"Bereshit", ou la puissance de nos images mentales
Je vous propose ici une présentation de ma nouvelle "Bereshit". 26/07/2024
PRÉSENTATION DE MES NOUVELLES
Cette nouvelle est née à la suite de la lecture d'un livre de Lionel Naccache, Le Cinéma intérieur, qui expose la manière dont notre cerveau traite et produit des images.
Images et cerveau, ce qui disent les neurosciences (trop court résumé)
Notre cerveau est un producteur d'images mentales, à raison de 13 images par seconde (24 images par seconde pour le cinéma), des images fixes (dites "discrètes") qu'il relie entre elles pour donner une impression de mouvement, pour inventer le fil continu de nos visions, comblant les manques de nos perceptions rétiniennes, corrigeant les tressautements de nos yeux.
Dans de rares cas, cette machinerie tombe en panne. Des individus ne perçoivent plus le monde qu'en succession d'images photographiques.
D'autres, atteints de palinopsie ou d'akinétopsie, ne distinguent plus les images les unes des autres, elles perdurent, se superposent, se côtoient dans le même moment.

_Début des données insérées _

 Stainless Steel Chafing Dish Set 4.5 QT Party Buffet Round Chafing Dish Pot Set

Mais les images produites ne sont pas que celles reçues, ce sont aussi celles rêvées, fantasmées, imaginées en "projection privée". Nous ne sommes pas égaux face à cette faculté. Certains individus ne produisent aucune image mentale (on parle d'aphantasie). À l'opposé, d'autres ont la faculté de produire des images extrêmement complexes, riches et puissantes (on parle d'hyperphantasie). Cet article de l'Institut du cerveau présente ces phénomènes.

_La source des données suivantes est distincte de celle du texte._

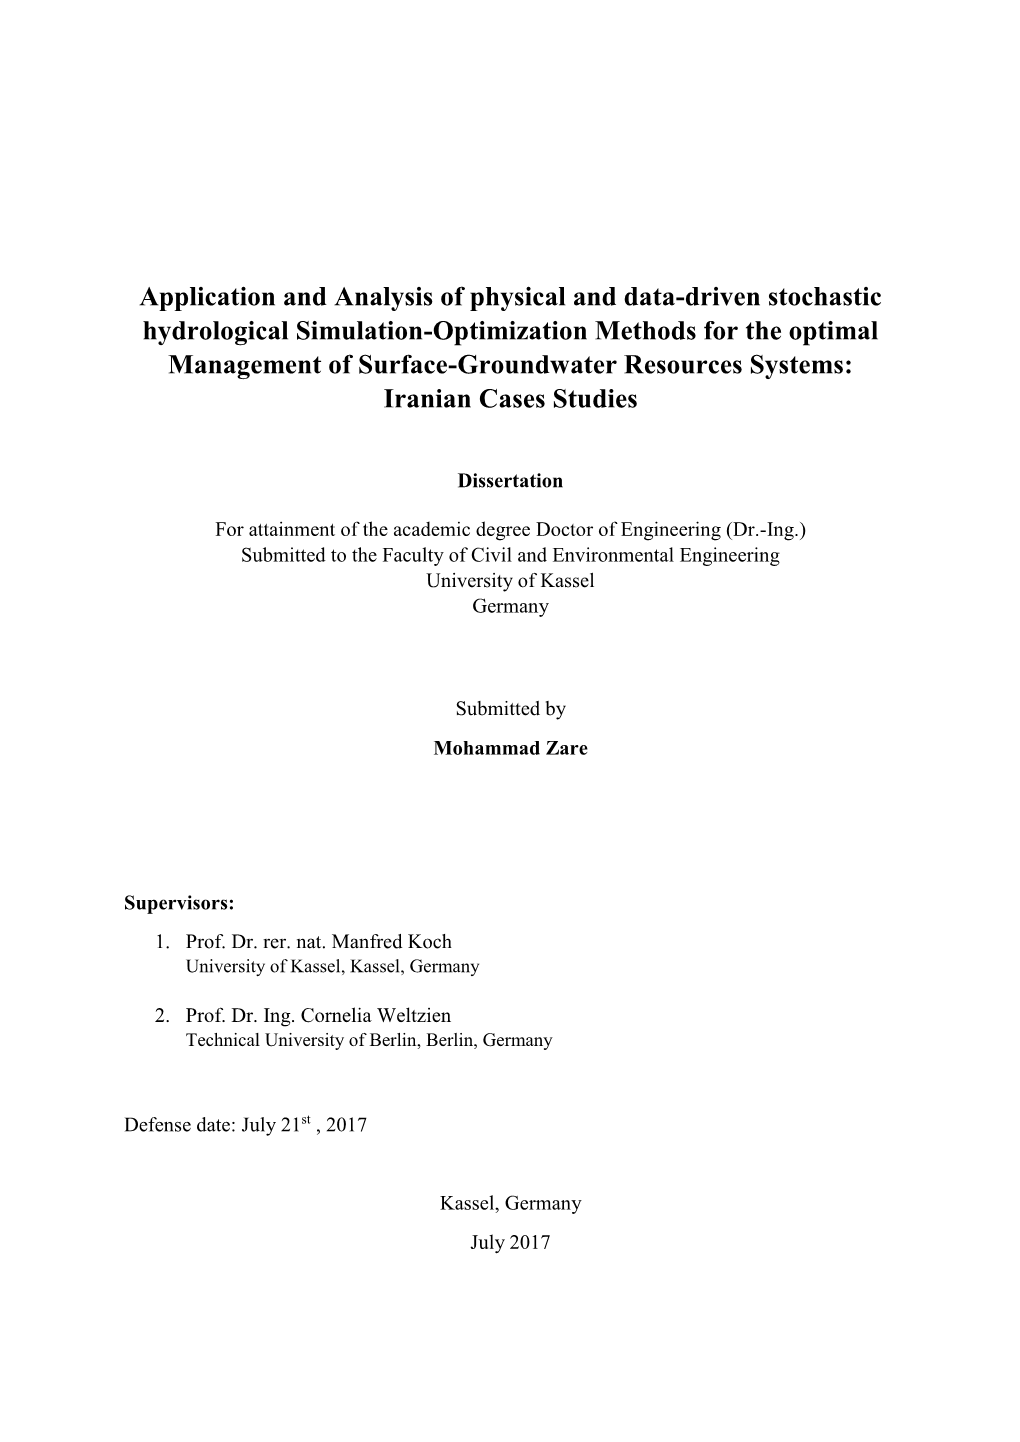 Application and Analysis of Physical and Data-Driven Stochastic

Ma nouvelle "Bereshit" illustre cette capacité de création.
Pour ceux qui n'ont pas lu le texte (disponible ici), un résumé :
Dans un univers dystopique, corrodé et métallique, dans lequel les corps sont augmentés par des implants de puces auditives et oculaires, les individus fuient leur réalité dévastée en se connectant mentalement au métavers, ouvrant les portes d'Utopole et de ses avatars numériques idéalisés. L'imagination a cédé ses droits face à la production d'images virtuelles labellisées et conçues pour satisfaire les désirs des utilisateurs.
Pour s'opposer à cette production stéréotypée d'images, des hackers ont mis en place un système parallèle de connexion et de partage d'images, la remago, qui permet à une personne connectée dans un groupe local de transmettre aux autres ses propres images mentales. Et le personnage principal, Sulian, va découvrir cet autre univers, le Malkhuth, auquel on accède par les mots, par le langage. Car la parole crée, en tant qu'acte de langage performatif. Dire, c'est faire, comme l'expliquait John Austin.
La nouvelle exploite les capacités incroyables de notre cerveau à faire naître des images mentales lors de notre lecture d'un livre.
Si vous êtes sur ce blog en train de lire ces lignes, c'est que vous êtes vous-mêmes lecteurs et très certainement puissants créateurs d'images mentales. Vous avez dû déjà être surpris en confrontant votre lecture avec celle de quelqu'un d'autre. La manière de se représenter un personnage, un lieu... Quelles différences! Et pourtant le livre est le même... Aucune description dans aucun livre n'est exhaustive. Elle laisse toujours la place à notre imagination pour recréer l'univers esquissé par l'auteur.
Ne vous êtes-vous jamais dit que vous aimeriez savoir comment les autres se représentent ce qu'ils lisent? On le sait de Peter Jackson qui a rendu concrète sa vision de l'univers de Tolkien. Mais nous sommes souvent déçus de ne pas retrouver sur écran ce que notre esprit avait fait naître.
Dans ma nouvelle, les Élohim, ces hyperphantasiques, partagent ainsi avec les utilisateurs du Malkhuth en même temps leur lecture et les images mentales nées de celles-ci. On reconnaîtra Notre-Dame de Paris de Victor Hugo, Salaambô de Flaubert, Du Côté de chez Swann de Proust. Et pour finir, les premiers mots de l'évangile de Jean, faisant écho à la création du monde dans la Genèse.
Celle-ci rapporte un monde créé par la parole de Dieu. Le Verbe fait naître des mondes. Le mot "bereshit" est le premier mot du premier livre de la Torah, se traduisant par "commencement" (le fait que l'ouvrage s'initie autant que pour le fait que le monde commence à être). Dans ma nouvelle, il s'agit du code oral d'accès à l'univers de la création verbale.
Un plaidoyer pour la lecture
Je l'avoue, je ne suis pas professeur de français pour rien. Et je ne suis pas non plus auteur de fantaisie sans raison.
La lecture est un acte fabuleux, car il nous met en état de devenir acteur de l'histoire lue. Nous la cocréons avec l'auteur du livre. Nous nous l'approprions, nous la réinventons, et ce faisant, nous lui donnons vie. Non pas une vie, mais de multiples vies.